Another chronic problem is an estimated million mines in the north. In the last decade there have been a thousand mine deaths up there, despite over $27 million (most of it foreign aid) spent on demining. The usual culprits, corruption and mismanagement, are at fault. Chad officials blame overpaid NGOs and foreign experts. But like most of Chad's woes, the problems are closer to home. The north is thinly populated and several rebel groups exist up there. So there's no rush to remove those mines. In the last few years, less than a hundred mines a year have been cleared.

In neighboring CAR (Central African Republic) the flow of refugees coming into Chad has slowed. Most of the violence is in southern CAR, where local self-defense groups are forming, to deal with the growing number of bandits, and the many rebel groups, which act like bandits with flags. There are also troops from Uganda and South Sudan (as opposed to the Sudanese government) wandering around in southern CAR. The Ugandans continued to hunt Ugandan LRA rebels, while the South Sudan troops are hunting game. Uganda reports that at least ten of its troops were killed in an accidental clash with South Sudanese forces in the last month.

To no one's surprise, Chad, Sudan  and CAR made the top ten in a recent "Failed States" list.

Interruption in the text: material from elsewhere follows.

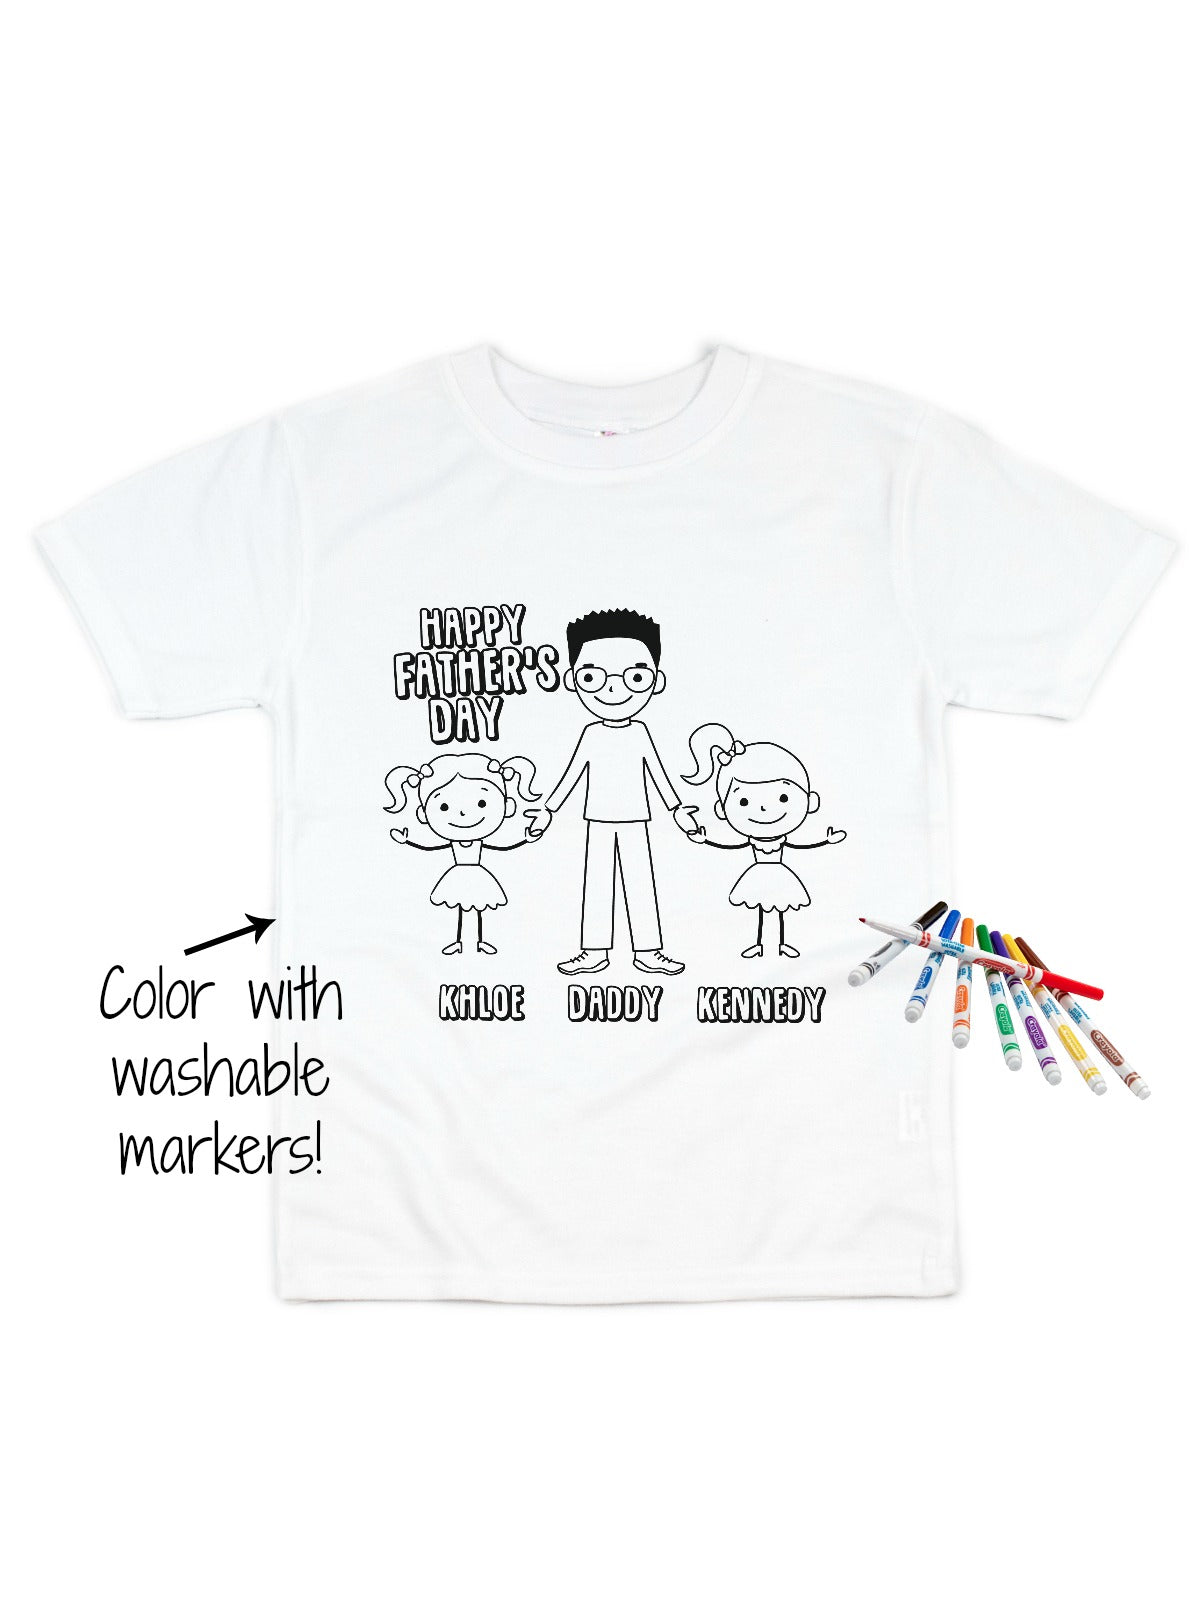 Color Your Own Shirt | Color in Shirt with Washable Markers | Creative Gift for Kids | Kids Birthday Gift | Art Gift for Kids | Kid Activity

June 6, 2010: In the east, a British aid worker was kidnapped. He was freed eight days later by soldiers who stopped the kidnappers and their hostage, near the Sudanese border. The kidnappers were driving the victims vehicle, as well as another one. Robbery is a growing problem for foreign aid workers, who have so much to steal. Many foreign aid groups are planning to leave Chad, because the 3,000 UN peacekeepers will be gone (at government request) by the end of the year.